Clone Your Analysis Repository

Note

This section assumes that you have already followed that steps in the Secure Remote Access section to Generate ssh Keys, and to Copy Your Public ssh Key to GitHub.

  1. On salish or a Waterhole workstation, create a top level directory for MOAD work:

    $ mkdir -p /ocean/$USER/MOAD
    

    The -p option tell mkdir to not show an error message if the directory already exists, and to create any necessary parent directories as needed.

    $USER expands to your user name.

  2. Go back to the browser tab in which you created your analysis repository on GitHub and find the section of the page near the top that says “Quick setup — if you’ve done this kind of thing before”. Below that there are 2 buttons that say HTTPS and SSH. Please ensure that the SSH button is enabled, and copy the repository URI string of text beside it that looks like:

    git@github.com:SalishSeaCast/analysis-casey.git
    

    but with your name instead of casey in the repository URI string.

  3. Use that repository URI string to clone your analysis repository from GitHub:

    $ cd /ocean/$USER/MOAD
    $ git clone git@github.com:SalishSeaCast/analysis-casey.git
    

    replacing git@github.com:SalishSeaCast/analysis-casey.git with the repository URI string that you copied from GitHub.

Populate Your Analysis Repository

Note

This section assumes that you have Installed Pixi.

It also assumes that you have set up your Git Configuration.

Note

You only need to do the steps in this section once in the clone of your analysis repository on salish or a Waterhole machine. After you have done these steps to create the directories and files in your repository, committed them in Git, and pushed them to GitHub, you can pull the changes from GitHub into clones of your repository on the Alliance HPC clusters or your laptop.

  1. Go to your MOAD/ directory, and populate your empty analysis repository clone with the following commands:

    $ cd /ocean/$USER/MOAD
    $ pixi exec cookiecutter -f gh:UBC-MOAD/cookiecutter-analysis-repo
    

    Those command use our analysis repository cookiecutter template repository to create directories and files in the empty analysis repository that you cloned earlier. The -f option lets the cookiecutter tool write directories and files into an already existing directory.

    cookiecutter will ask you for 2 pieces of input:

    researcher_name [Casey Lawrence]:
    Select github_org:
    1 - SalishSeaCast
    2 - UBC-MOAD
    3 - SS-Atlantis
    Choose from 1, 2, 3 [1]:
    

    Type your name in at the researcher_name prompt, and accept the default 1 for github_org so that cookiecutter set things up to use your repository in the the SalishSeaCast GitHub organization.

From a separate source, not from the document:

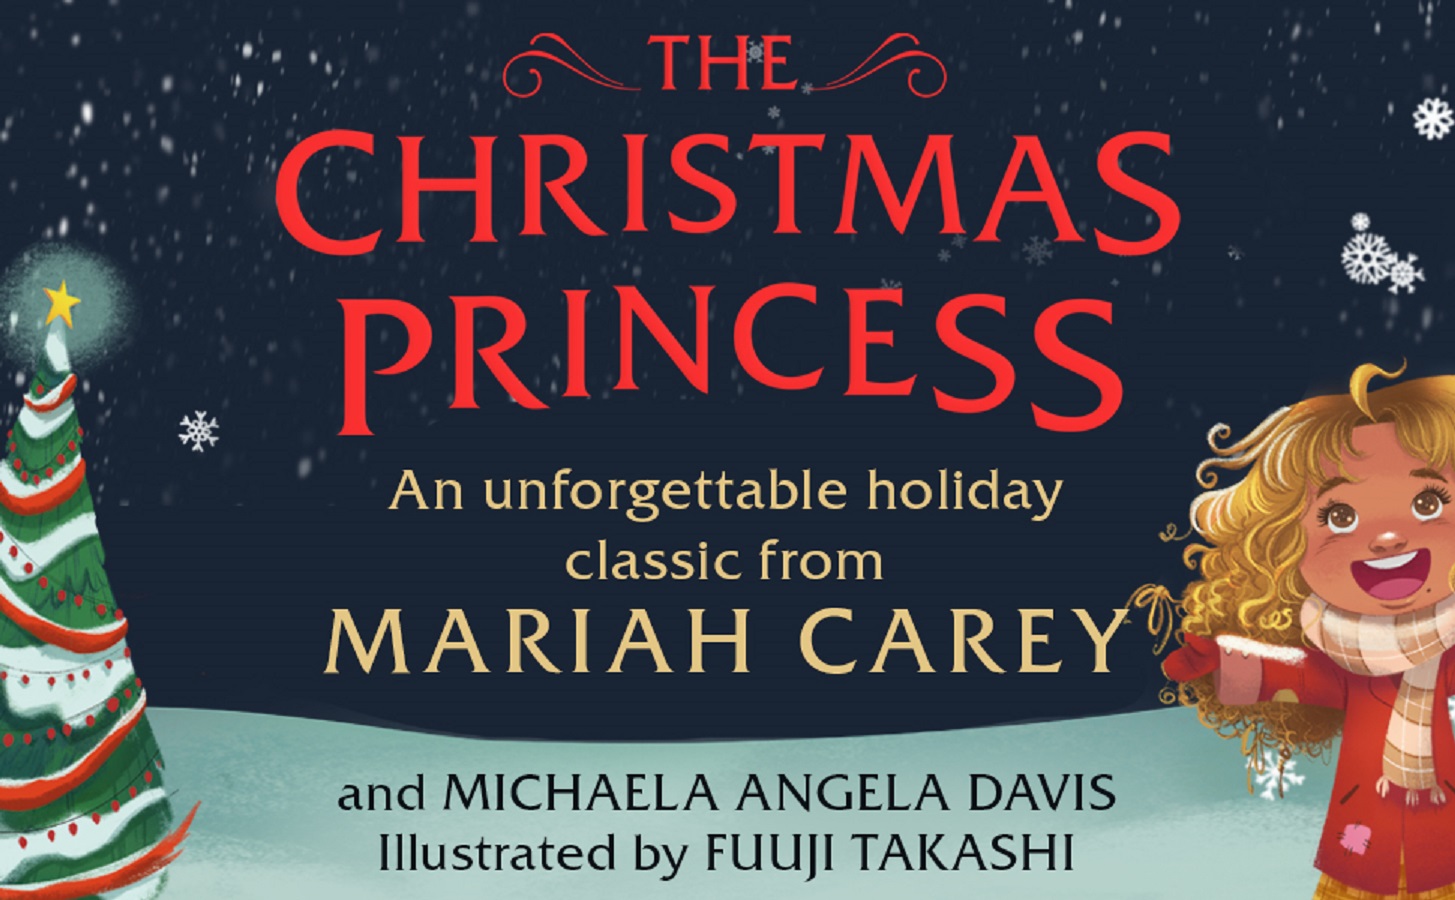 Το νέο βιβλίο της Mariah Carey για τα Χριστούγεννα

  2. Go into your new analysis repository, use Pixi to install the Python packages that are needed to work in it, add and commit the files that cookiecutter and Pixi created for you, and push them to GitHub.

    $ cd /ocean/$USER/MOAD/analysis-casey
    $ pixi install
    $ git add .gitattributes .gitignore pixi.toml pixi.lock LICENSE README.rst notebooks/
    $ git commit -m "Initialize repo from MOAD cookiecutter"
    $ git push
    

Use Your Analysis Repository on Other Machines

After you have created your analysis repository and pushed it to GitHub you can clone it on other machines, and set up the environment for working in it with pixi install. Then, when you make changes to your repository on one machine and push those changes to GitHub, you can pull those changes on another machine to update the repository there.